WORK ITEM:
The answer must consist solely of the lines from the line with "Falschmeldungen über schlimme" to the final line of the data below, reproduced exactly, pictures omitted.

──────── RAW DATA

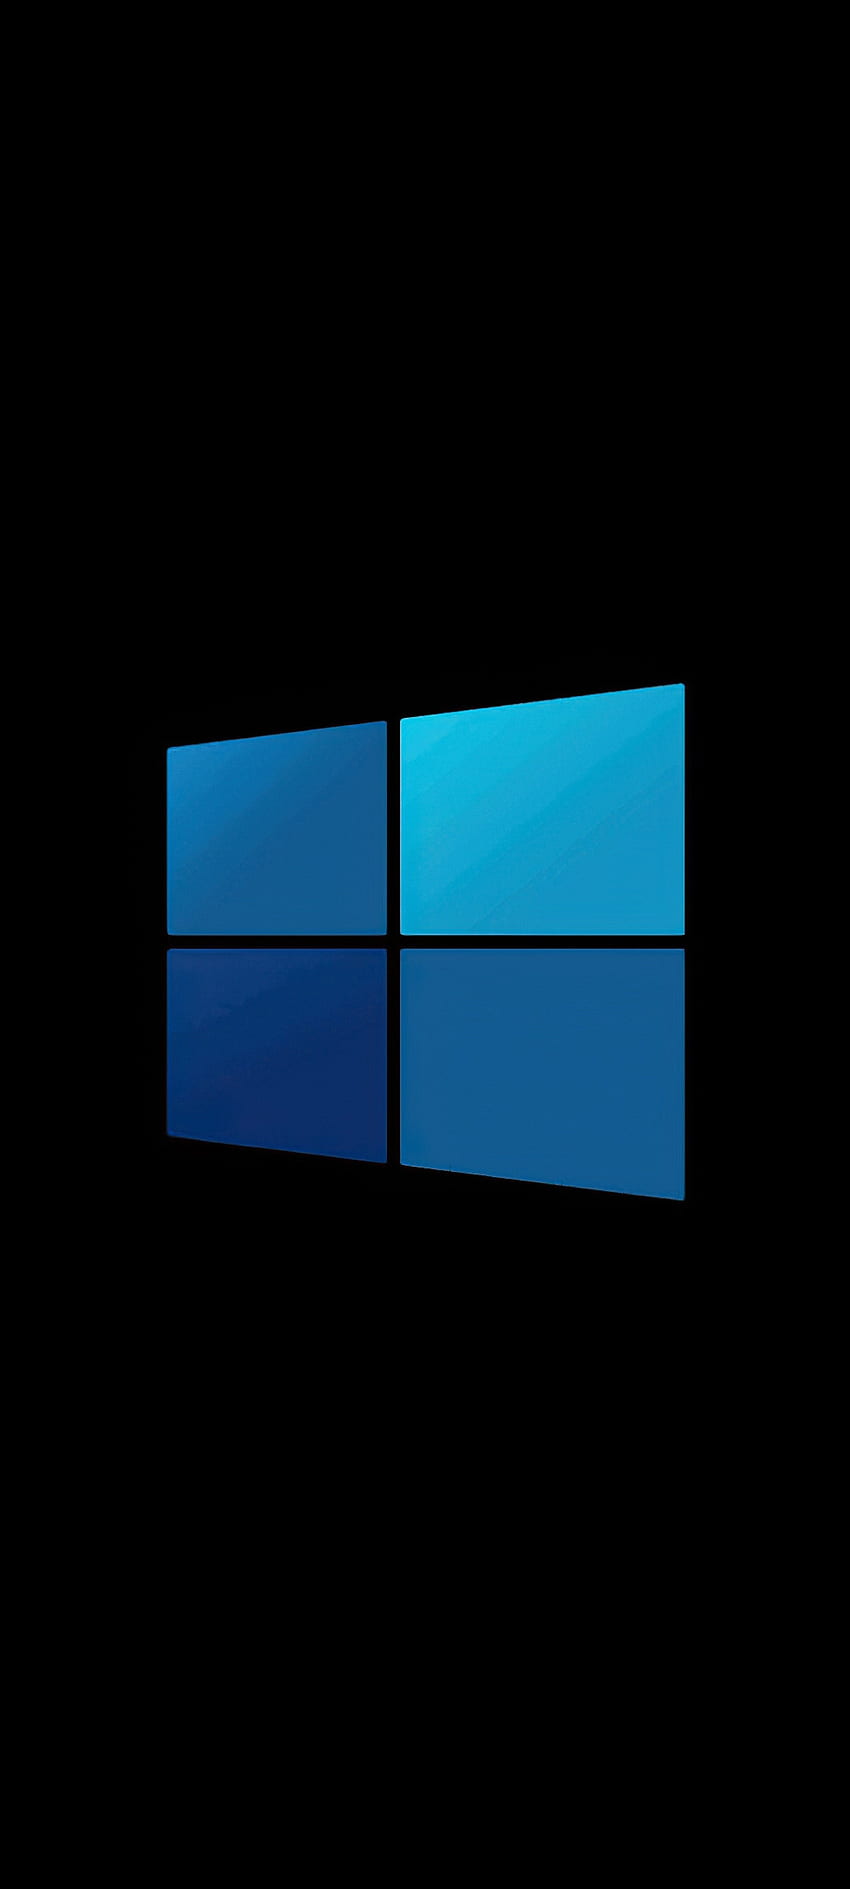 Niebieskie logo systemu Windows, elektryczny niebieski, amoled, design, czarny, oled, technologia, , microsoft Tapeta na telefon HD
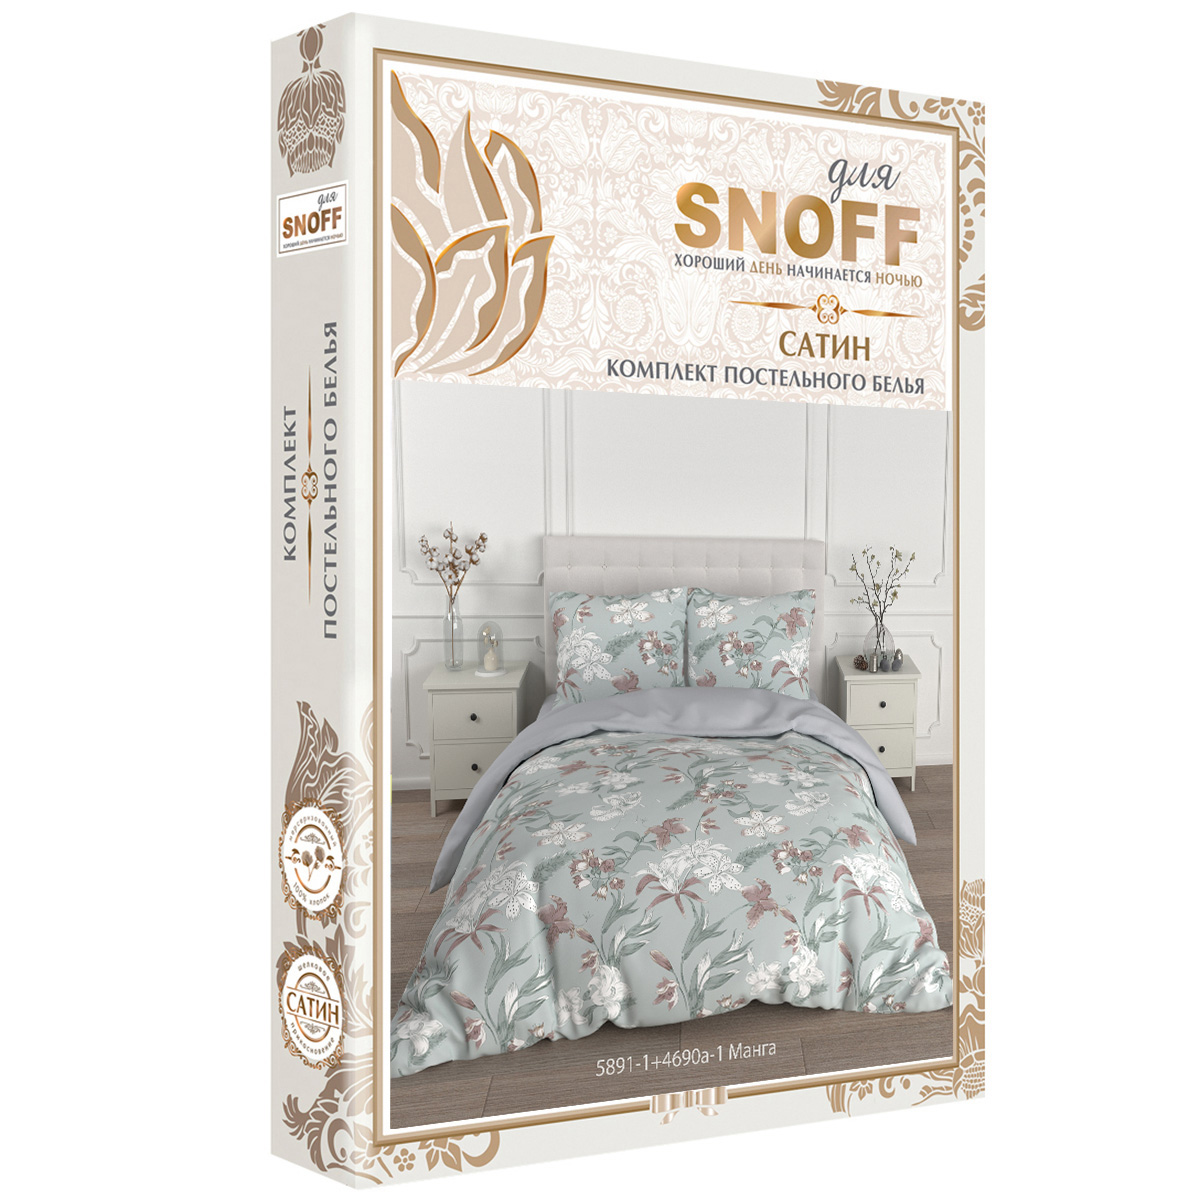 Комплект постельного белья для SNOFF Манга 1.5-спальный сатин - фото 7
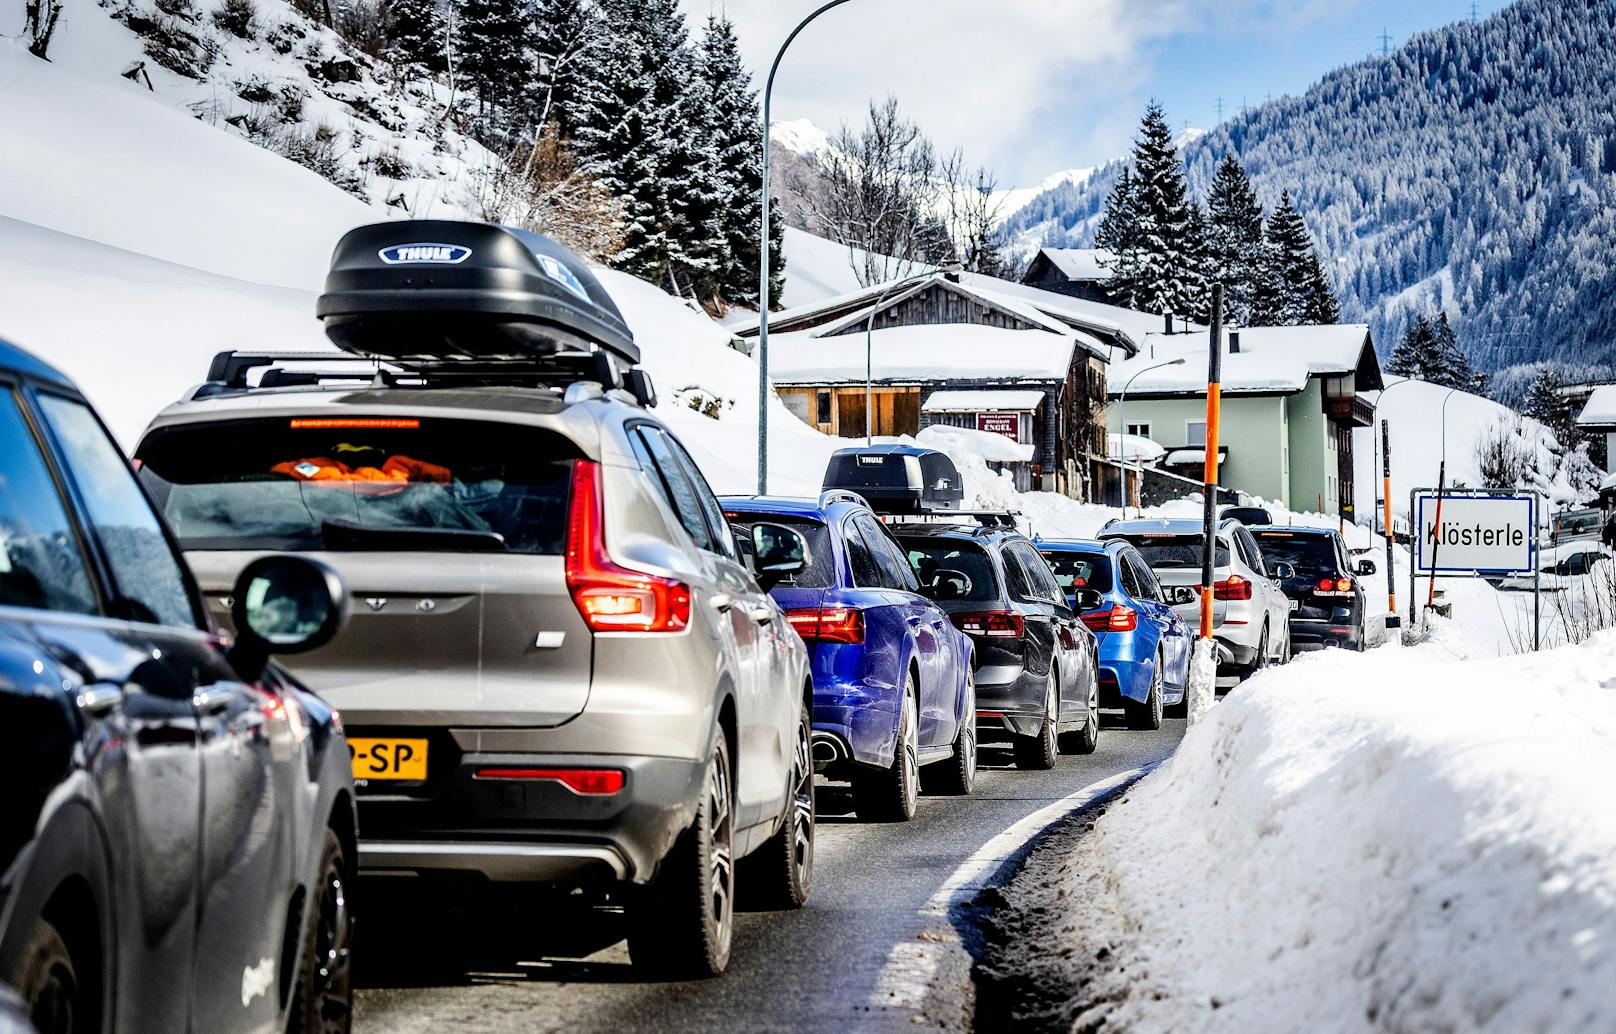 Falschmeldungen über schlimme Strafen für falsch verstaute Skis ängstigen derzeit Österreich-Urlauber.
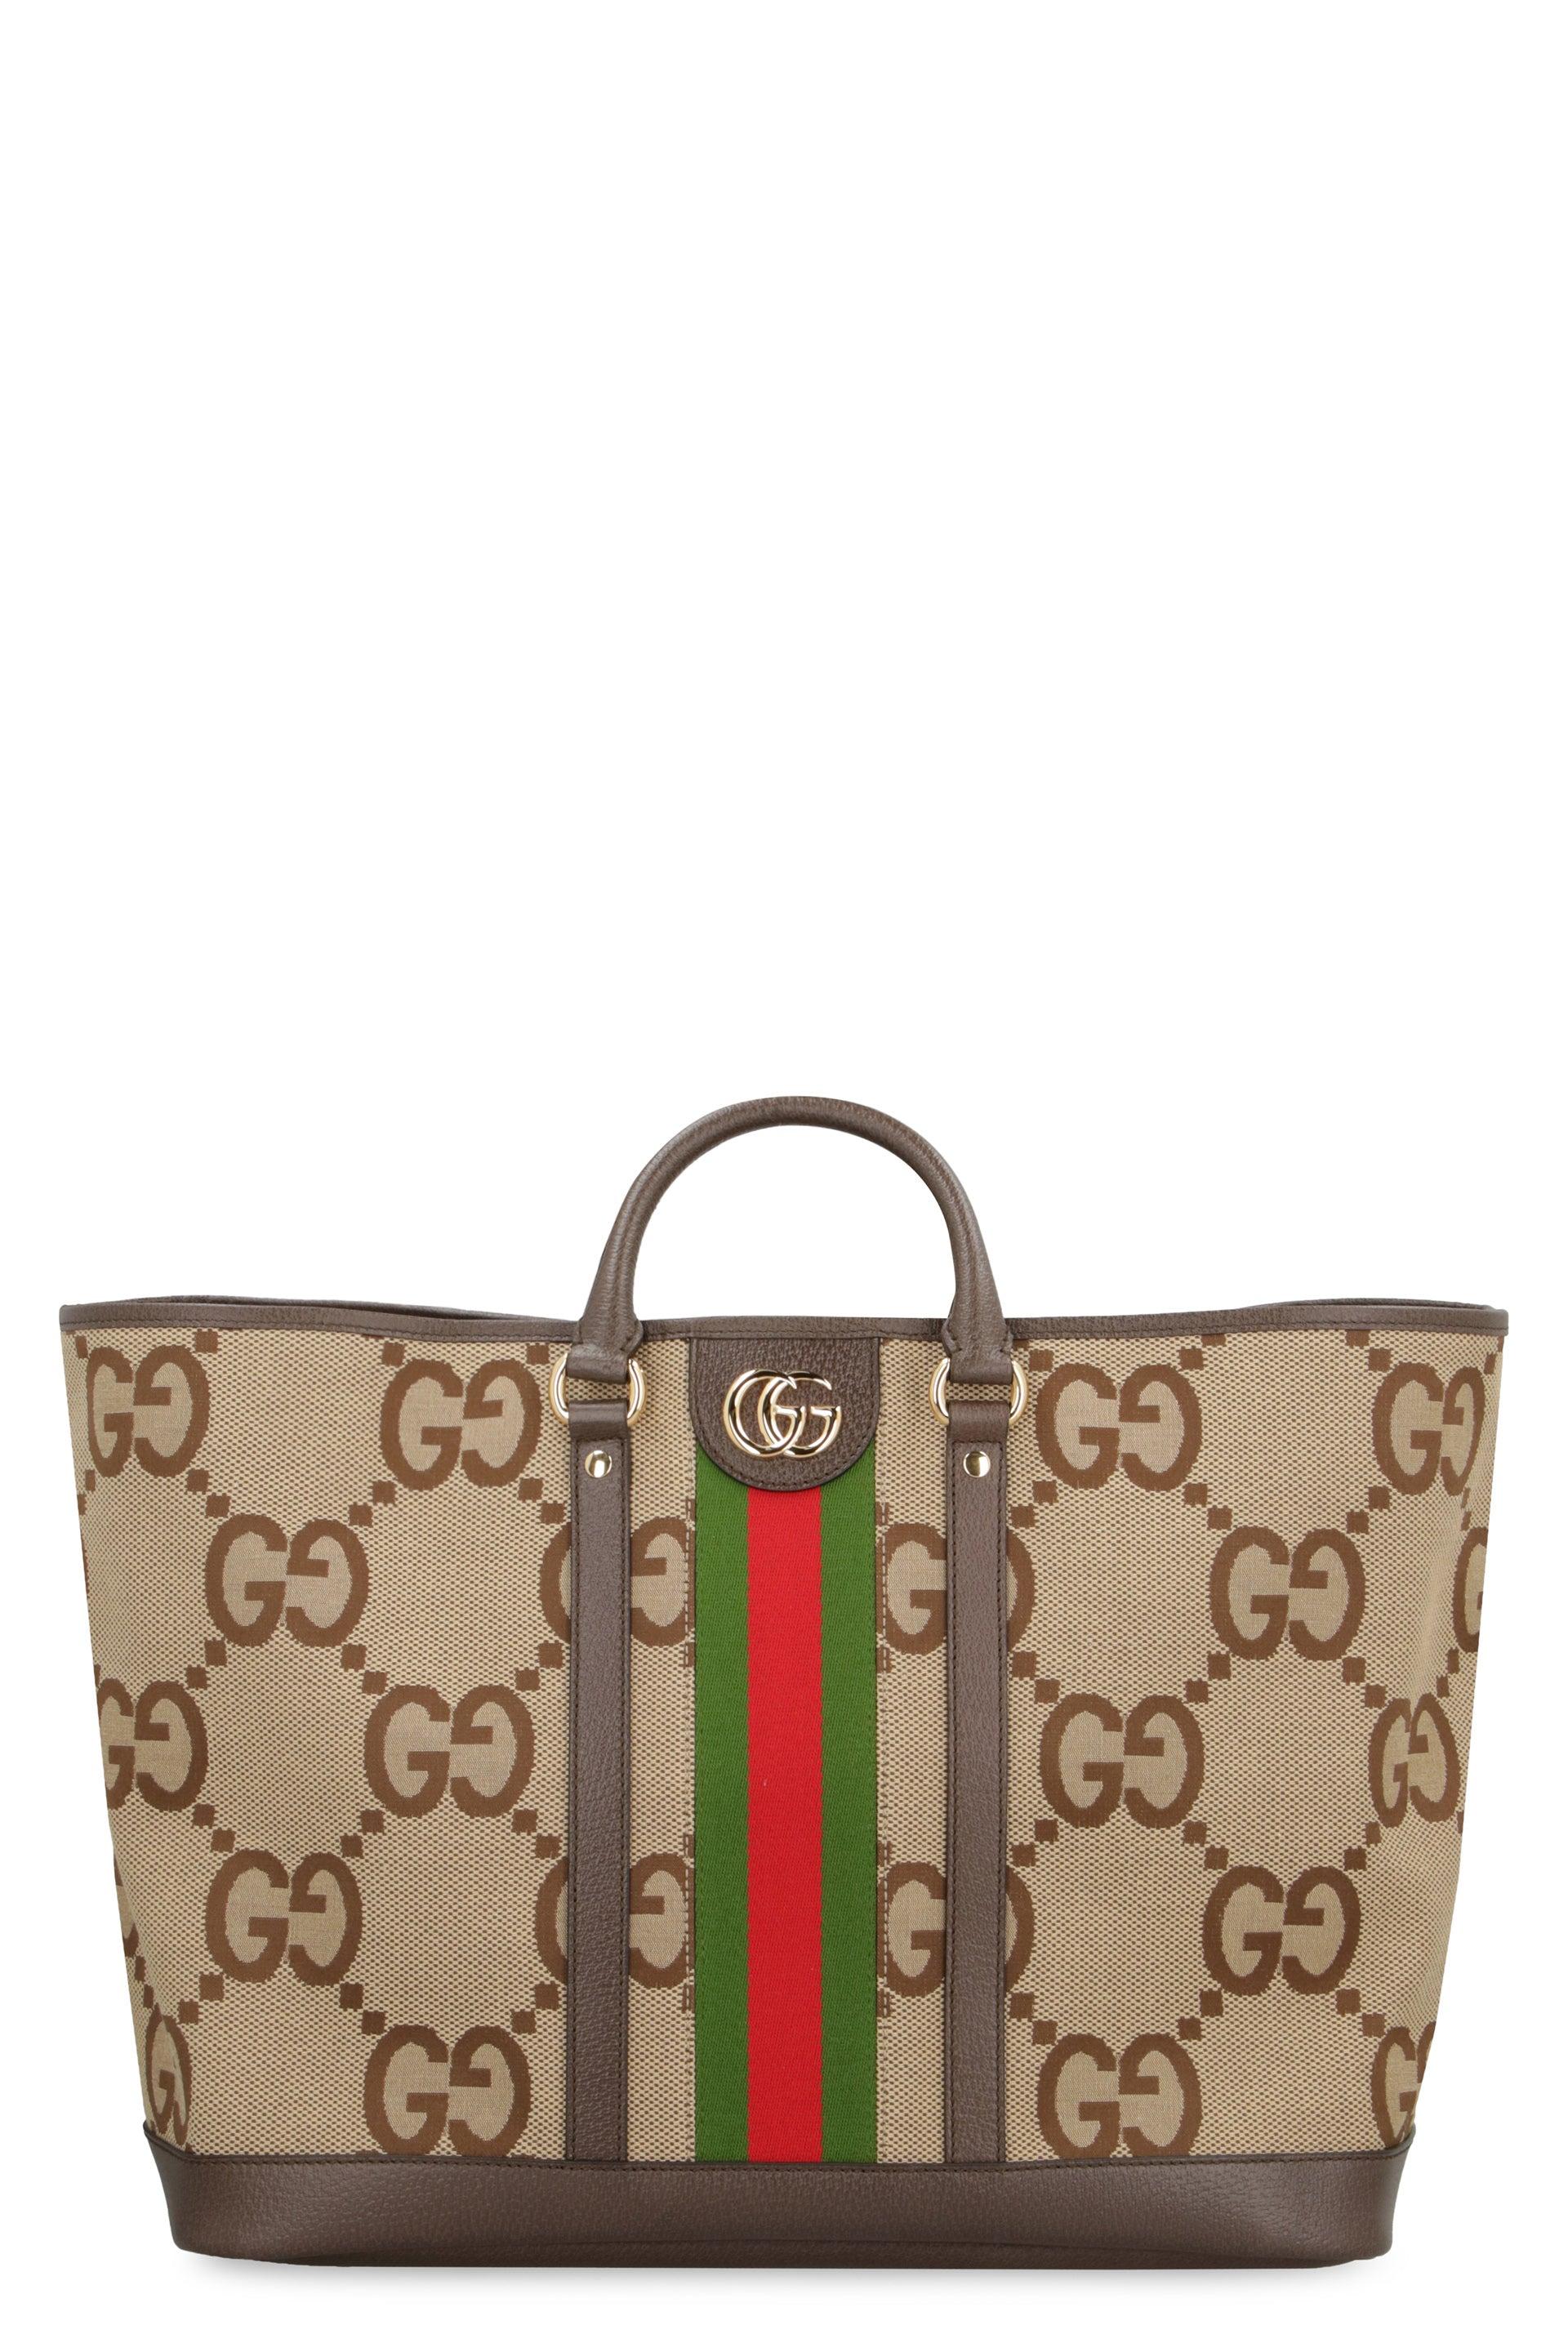 Gucci Jumbo GG Large Tote Bag

────────────────

SOLUTION TO THIS TASK:
 Falschmeldungen über schlimme Strafen für falsch verstaute Skis ängstigen derzeit Österreich-Urlauber.
 Gucci Jumbo GG Large Tote Bag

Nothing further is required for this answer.